Drugs targeting NTRK gene fusions were among the first to receive tumor-agnostic approvals globally. The FDA and EMA have both approved larotrectinib and entrectinib for tumors harboring NTRK fusions, regardless of the cancer’s tissue of origin. China has been relatively cautious in this area, but the priority review of zurletrectinib suggests a growing openness to such approaches, especially when supported by strong clinical evidence and biomarker-driven trial designs.
InnoCare’s Broader Pipeline and Strategic Vision
Founded in 2015, InnoCare Pharma has quickly risen to prominence within China’s biotech ecosystem.

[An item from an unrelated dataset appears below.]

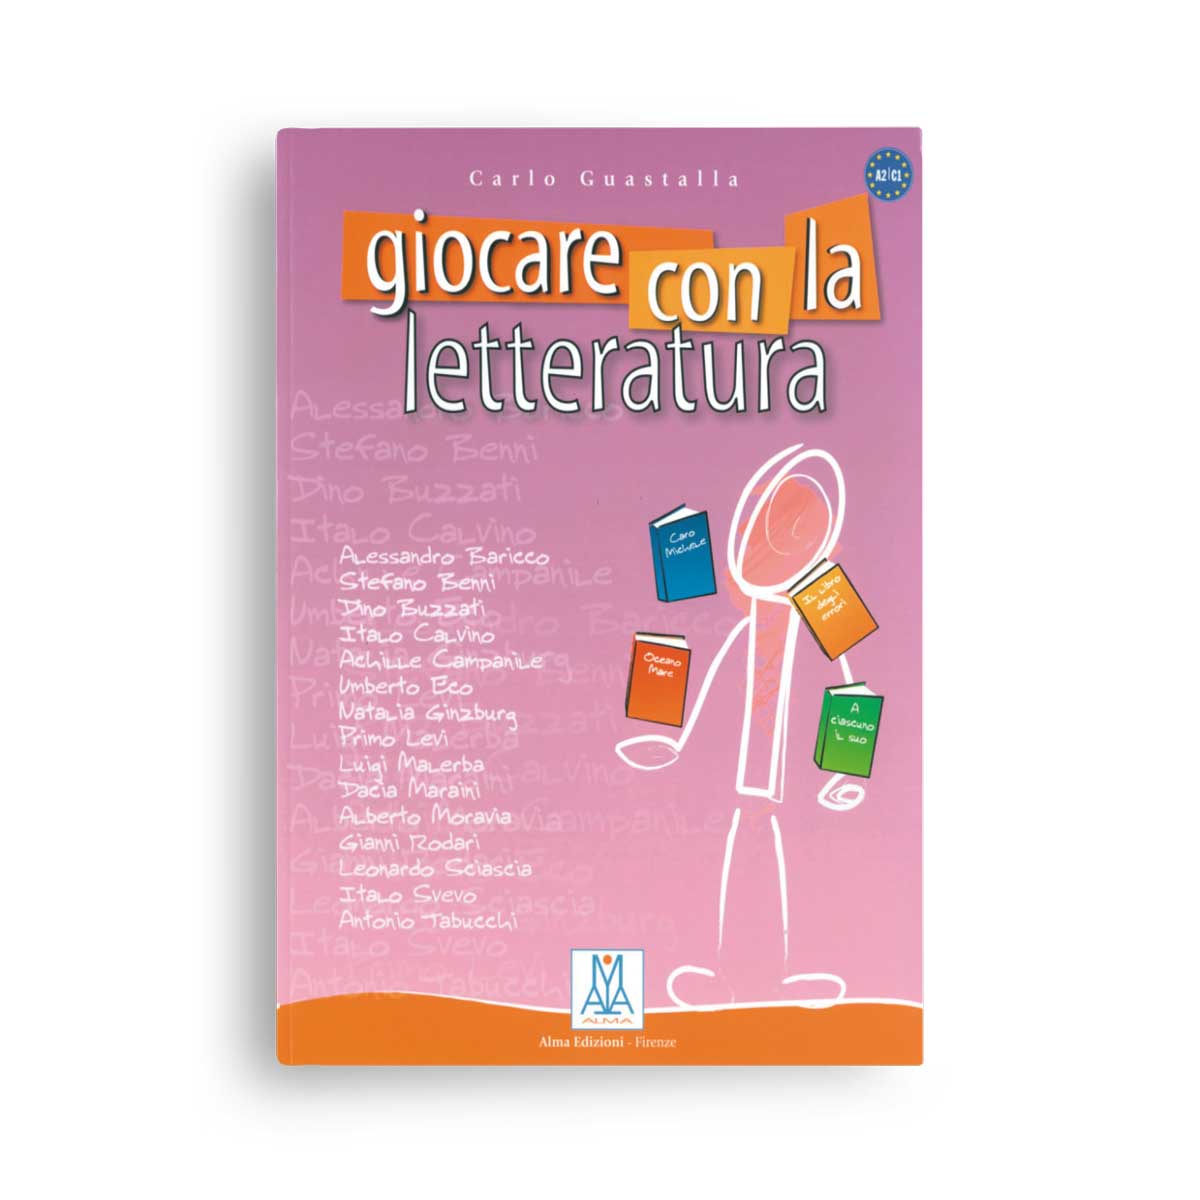 ALMA Edizioni – Giocare con la letteratura (A2-C1)

With a robust pipeline that includes therapies for hematologic malignancies, solid tumors, and autoimmune diseases, the company is focused on addressing areas of high unmet medical need through innovative drug discovery and development.
In addition to zurletrectinib, InnoCare’s portfolio includes orelabrutinib, a BTK inhibitor approved in China for the treatment of B-cell malignancies; ICP-488, a TYK2 inhibitor under development for autoimmune conditions; and other investigational agents targeting key oncogenic pathways.
By advancing zurletrectinib, InnoCare continues to demonstrate its commitment to pushing the boundaries of precision medicine and bringing transformative therapies to patients in China and beyond. The company is also exploring potential global expansion and out-licensing opportunities for key assets, positioning itself as a serious contender on the international biopharma stage.
The priority review designation for zurletrectinib marks an important regulatory milestone for InnoCare and offers renewed hope for patients living with NTRK fusion-positive cancers. If approved, zurletrectinib would become one of the first next-generation TRK inhibitors available in China, and potentially one of the first globally to demonstrate broad efficacy against resistance mutations in a real-world population.
With the review process now officially underway, InnoCare is preparing for potential commercial launch and expanding its efforts to increase awareness and access to TRK fusion testing across China. The company is also collaborating with leading hospitals and diagnostic laboratories to ensure that eligible patients can be rapidly identified and enrolled in future studies or treatment programs.
As precision oncology continues to evolve, drugs like zurletrectinib offer a glimpse into the future of cancer treatment—one where therapies are tailored not to the location of a tumor, but to its unique genetic drivers. For InnoCare and the patients it serves, that future may be closer than ever.